Content is from the course ECE327 at the University of Waterloo. Eventually I will clean it up with proper citations.

Summary

The course focuses on control systems for linear dynamic systems. The course also focuses on systems with few inputs, few outputs; clear first-principles models; clear sources of noise and disturbance.

State-space models.
Linearization technique.
Stability analysis
Frequency response.
Poles and zeroes, dominant, and effects.
Root-locus method
PID controllers
Frequency domain stability analysis

Modelling

This portion of the course finished May 14, 2024.

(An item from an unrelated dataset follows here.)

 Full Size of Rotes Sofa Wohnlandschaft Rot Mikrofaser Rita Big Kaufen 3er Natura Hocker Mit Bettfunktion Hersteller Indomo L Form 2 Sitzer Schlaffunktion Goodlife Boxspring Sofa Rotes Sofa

Linearization of dynamic systems

Approximate around a controlled equilibrium point \((x^*, u^*)\), where \(x\) is the state vector and \(u\) is the input vector.

Now define small perturbations around the equilibrium point:

\[\delta x(t) := x(t) - x^*\] \[\delta u(t) := u(t) - u^*\]

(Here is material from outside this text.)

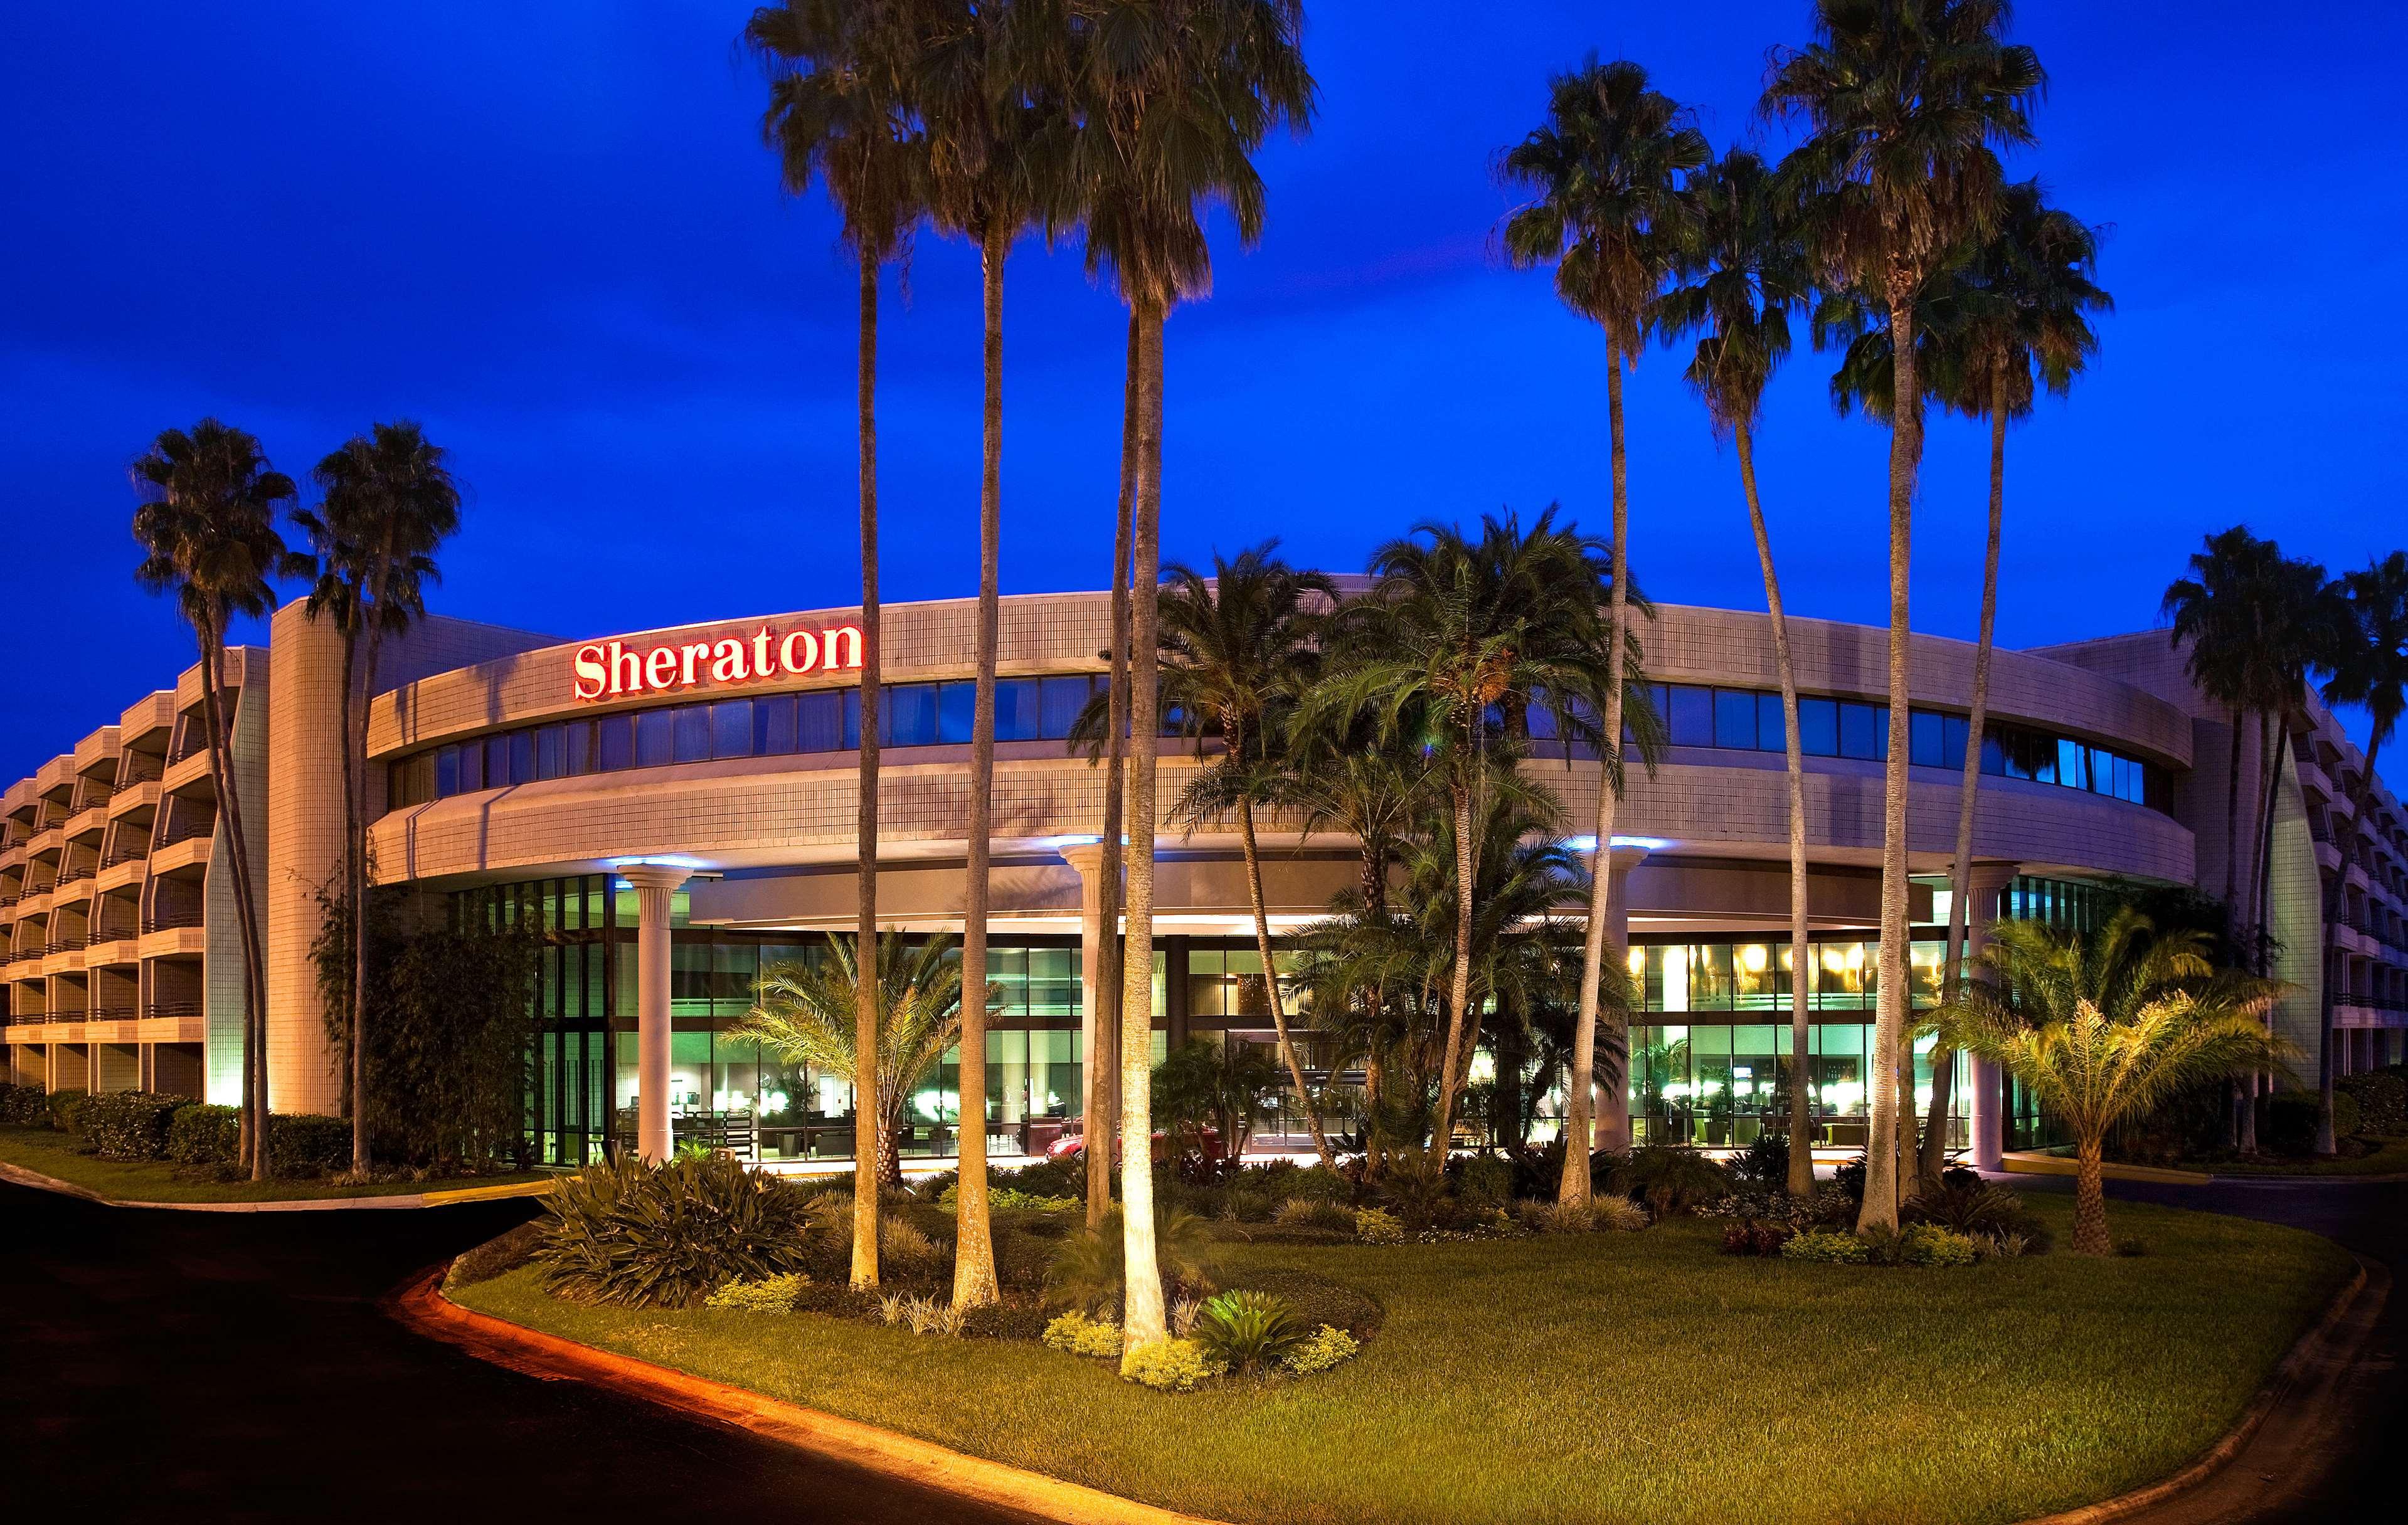 Sheraton Tampa Brandon Hotel image 0

We had before \(\dot x = f(x^*, u^*) + A\delta x(t) + B\delta u(t) + \text{higher order terms}\).

Where \(A\) and \(B\) are the Jacobians of \(f\) with respect to \(x\) and \(u\).

When we are at the controlled equilibrium point, the linearized equation becomes \(\delta x(t) = A\delta x(t) + B\delta u(t)\).

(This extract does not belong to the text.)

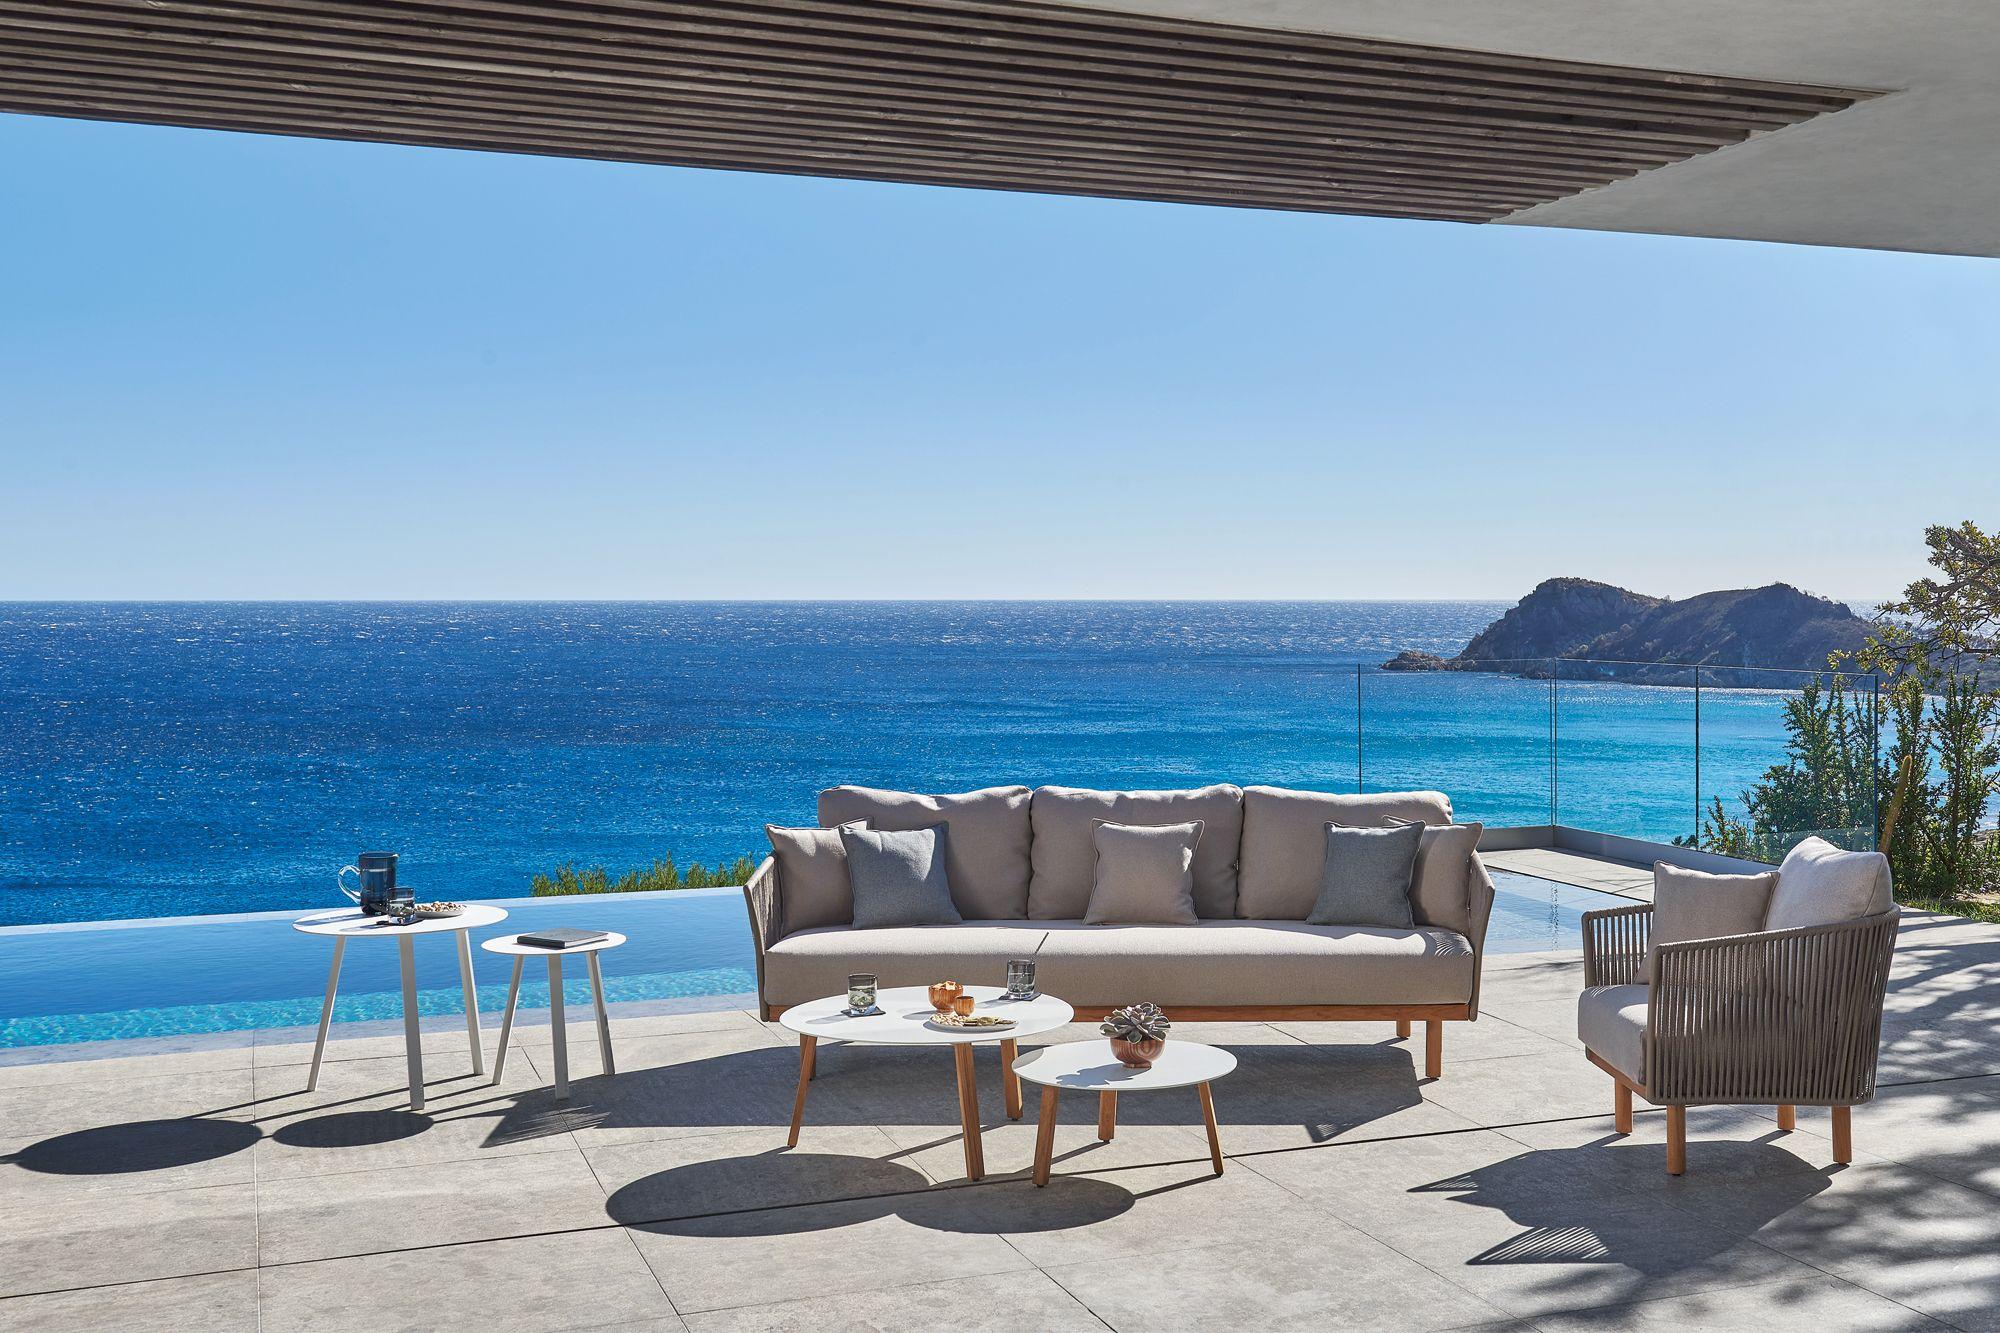 Diphano Newport outdoor sofa, from Danish Design Co

Select a desired controlled equilibrium \((x^*, u^*)\).
- Where it is depends on if it is a stabilization or tracking problem.
- These are two specific subsets of general problems in control eng.
- \(f(x^*, u^*) = 0\), and desired output is given \(y^* = h(x^*, u^*)\).
Compute Jacobians \(A, B\) of \(f\) and \(C, D\) of \(h\).
The linearized system is:

\[\dot{\delta x}(t) = A\delta x(t) + B\delta u(t)\] \[\delta y(t) = C\delta x(t) + D\delta u(t)\]

Under “mild conditions” (continuous differentiability of \(f, h\)), this linearized system is a valid approximation of the nonlinear one in a sufficieintly small neighborhood of the equilibrium point.

The final control system tracks deviation from the equilibrium and uses reference deviation instead of tracking position with reference position.

Transfer functions of LTI systems

Only LTIs have transfer functions. The transfer function is defined as a ratio of Laplace transforms, both taken with initial conditions (ICs) of zero.

\[G(s) = \frac{Y(s)}{U(s)}\]

In linear systems, this ratio doesn’t depend on the input you choose.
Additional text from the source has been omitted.